## [Your task]
Below are records with pictures; copy word for word only the lines between the line with "Download Vision Board" and the line with "Canderel Low Calorie", inclusive, and drop the pictures.

## [Exercise materials]

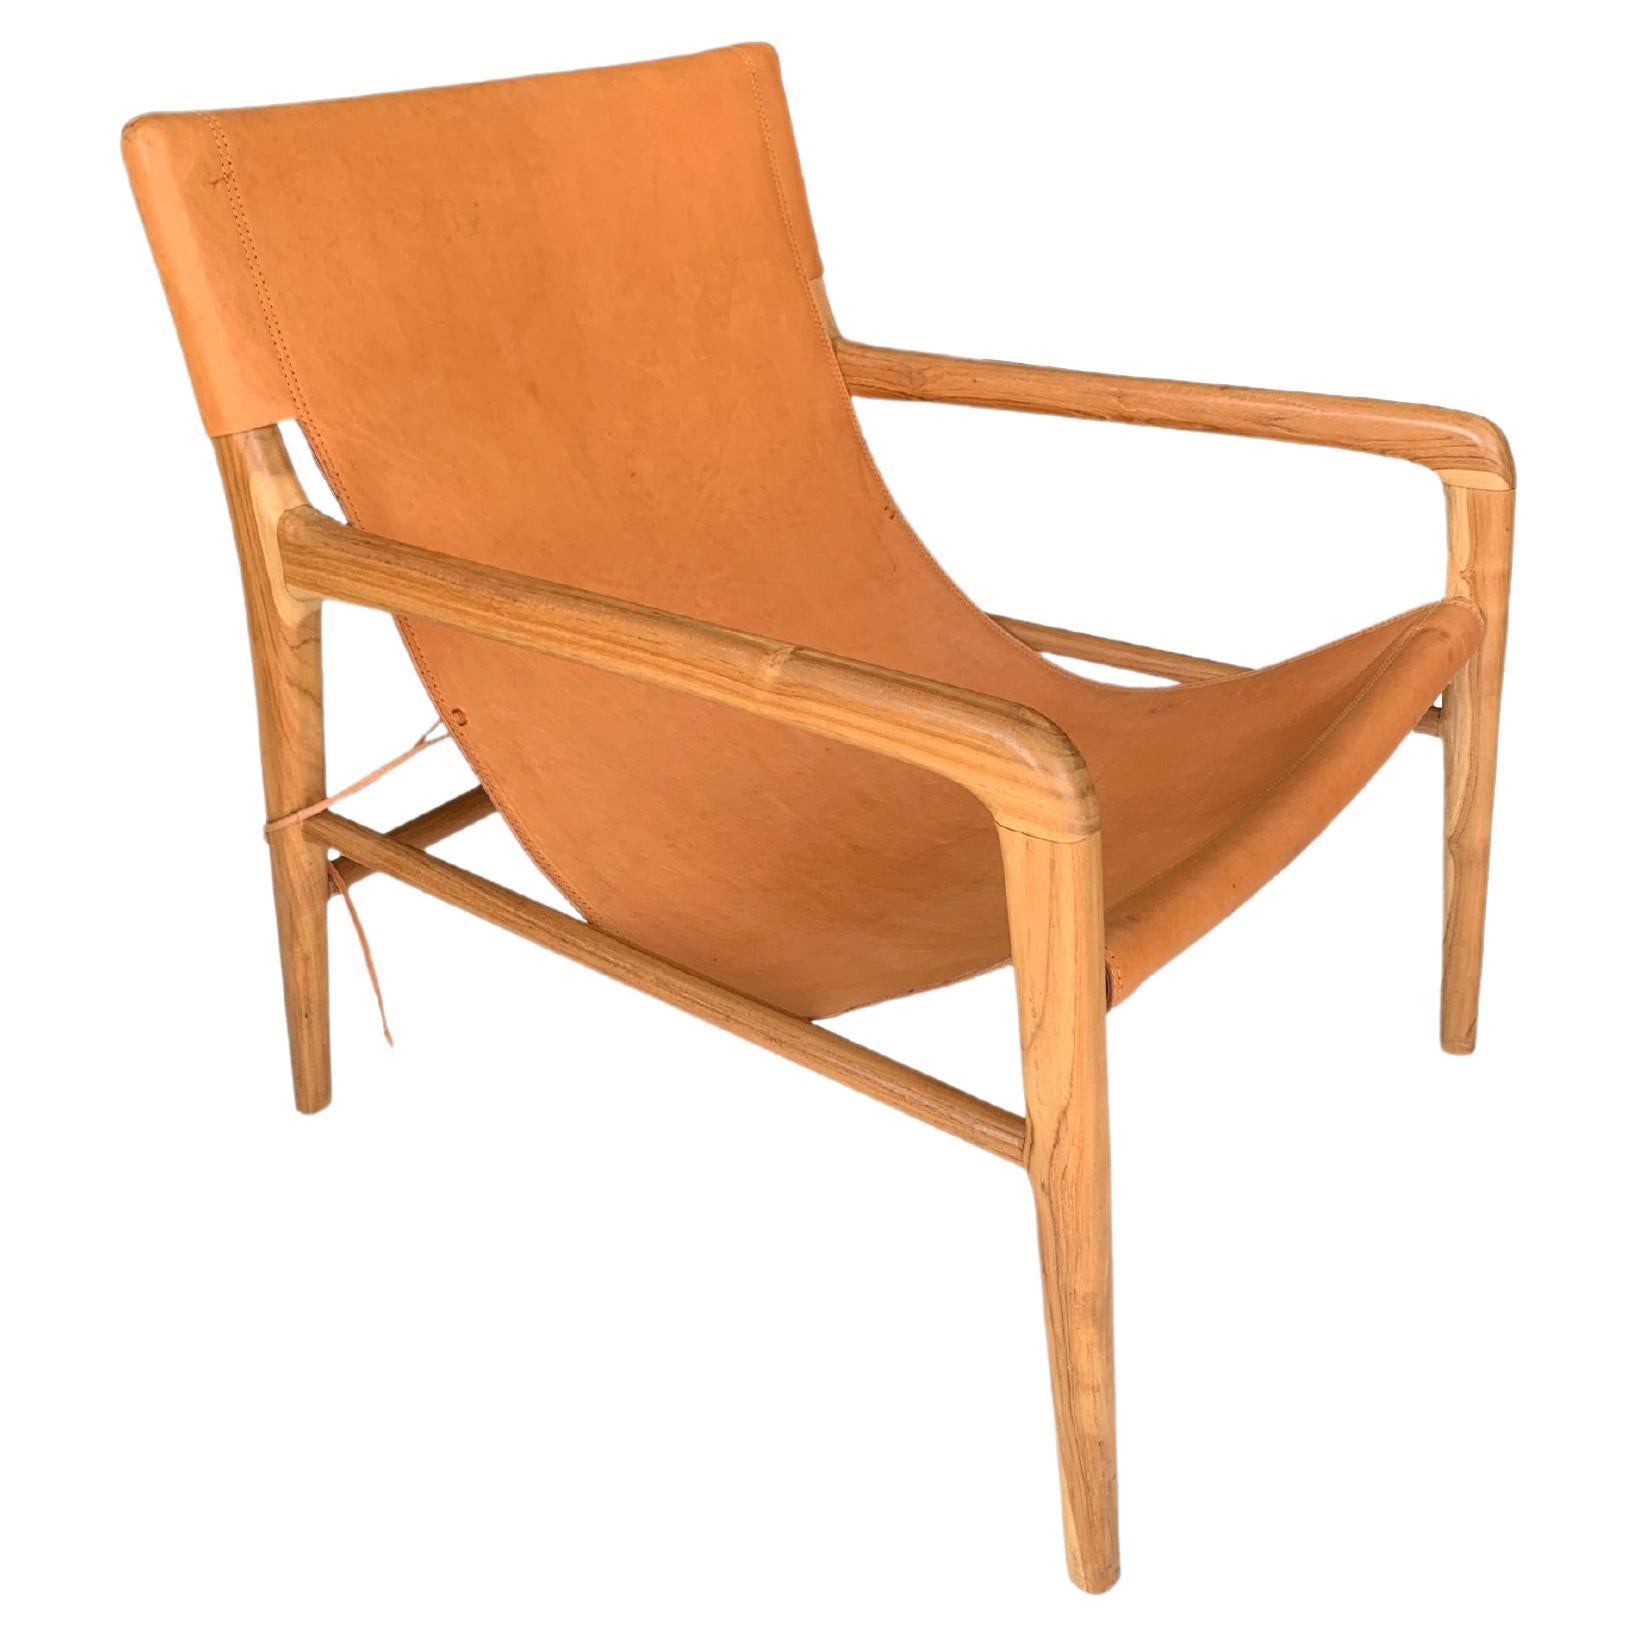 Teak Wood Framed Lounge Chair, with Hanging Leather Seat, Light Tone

* * *

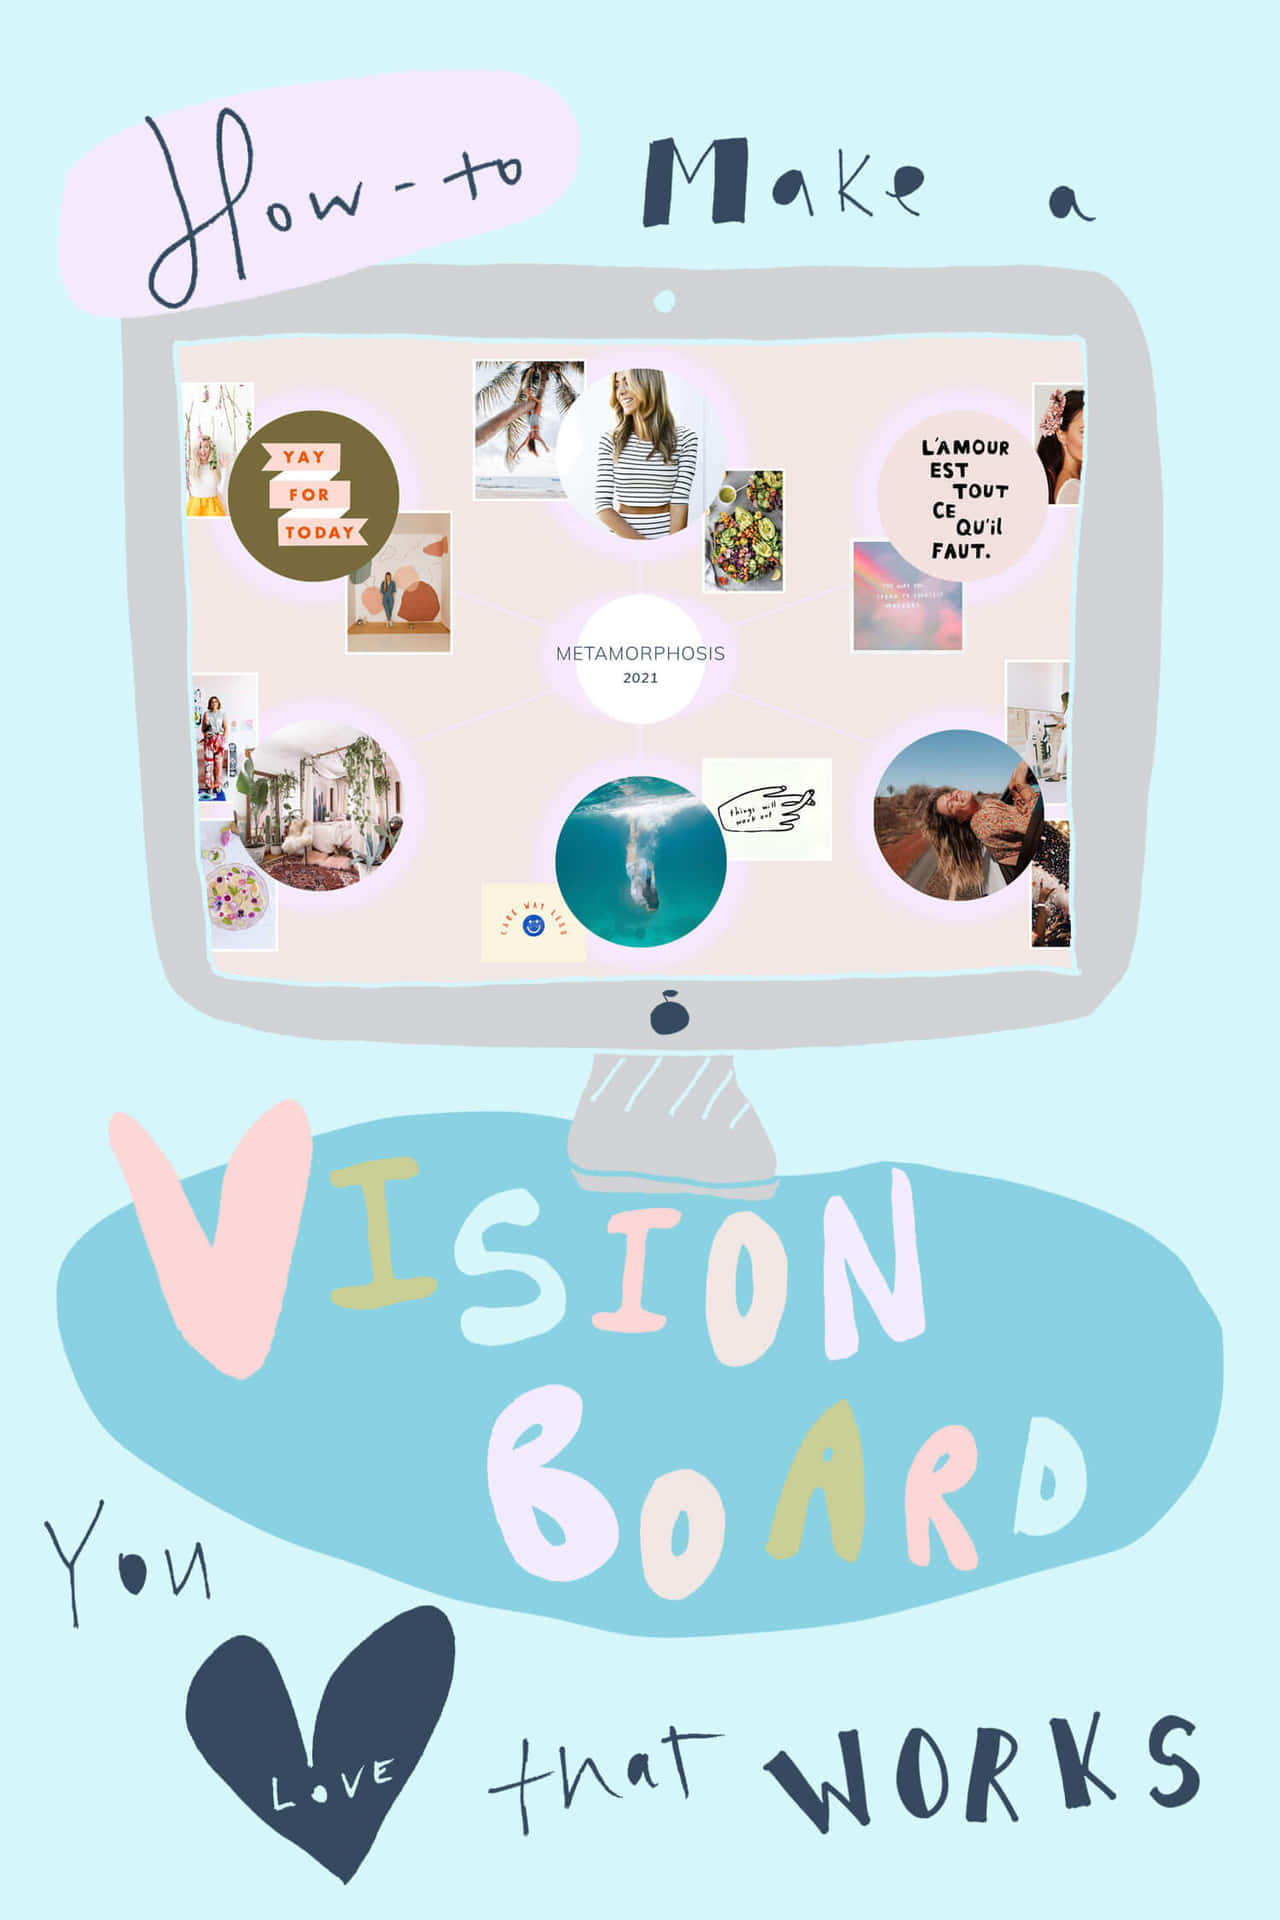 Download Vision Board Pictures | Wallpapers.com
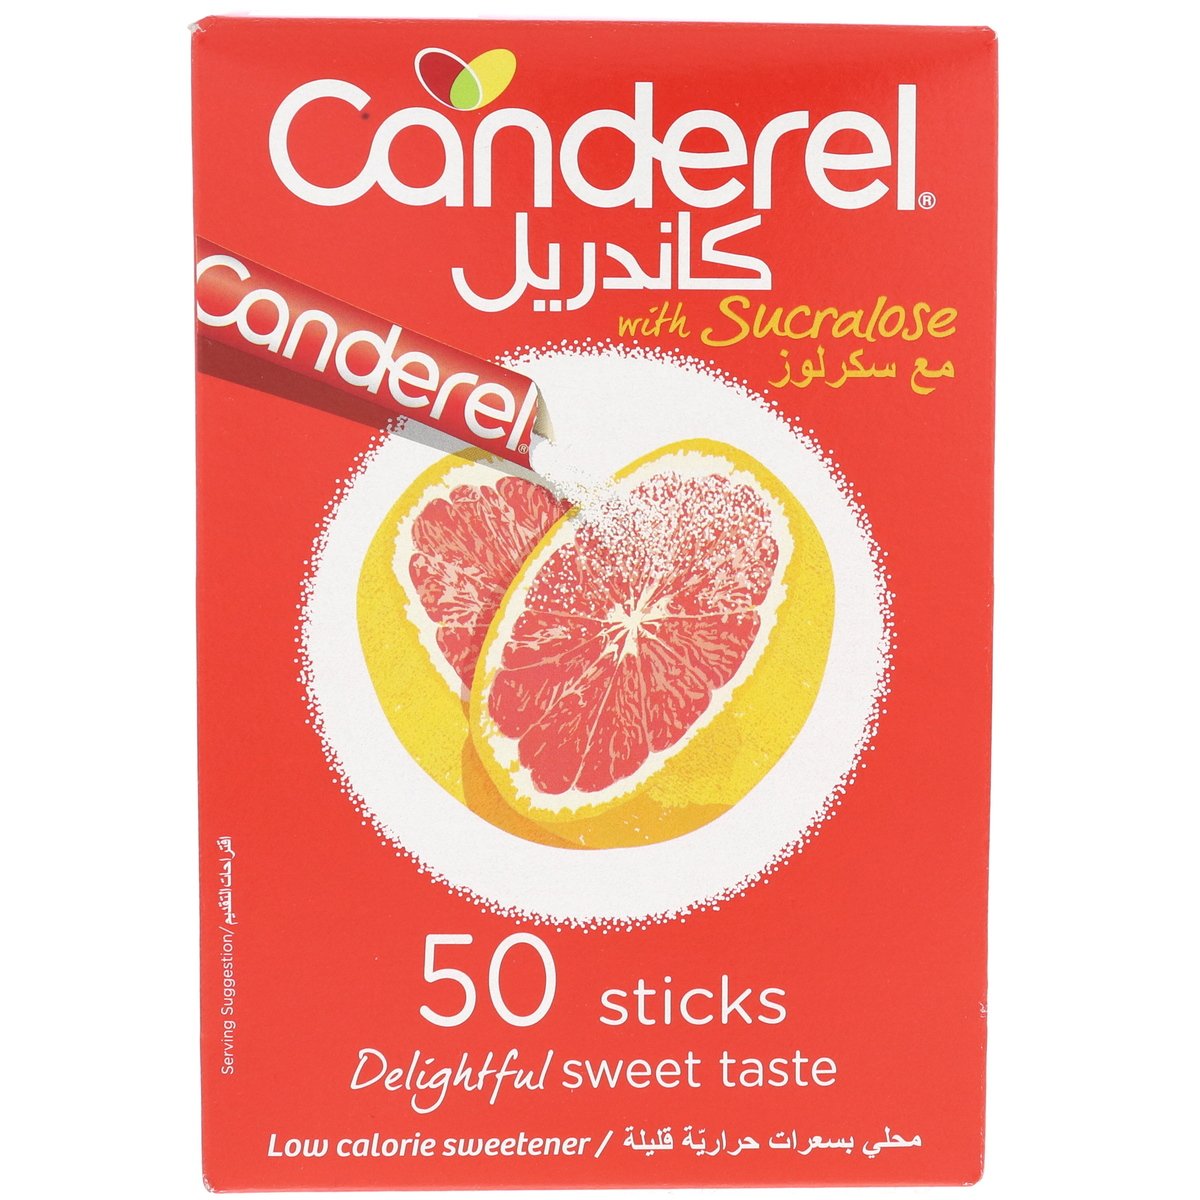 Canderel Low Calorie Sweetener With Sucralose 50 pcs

## [Your response]
 Download Vision Board Pictures | Wallpapers.com
 Canderel Low Calorie Sweetener With Sucralose 50 pcs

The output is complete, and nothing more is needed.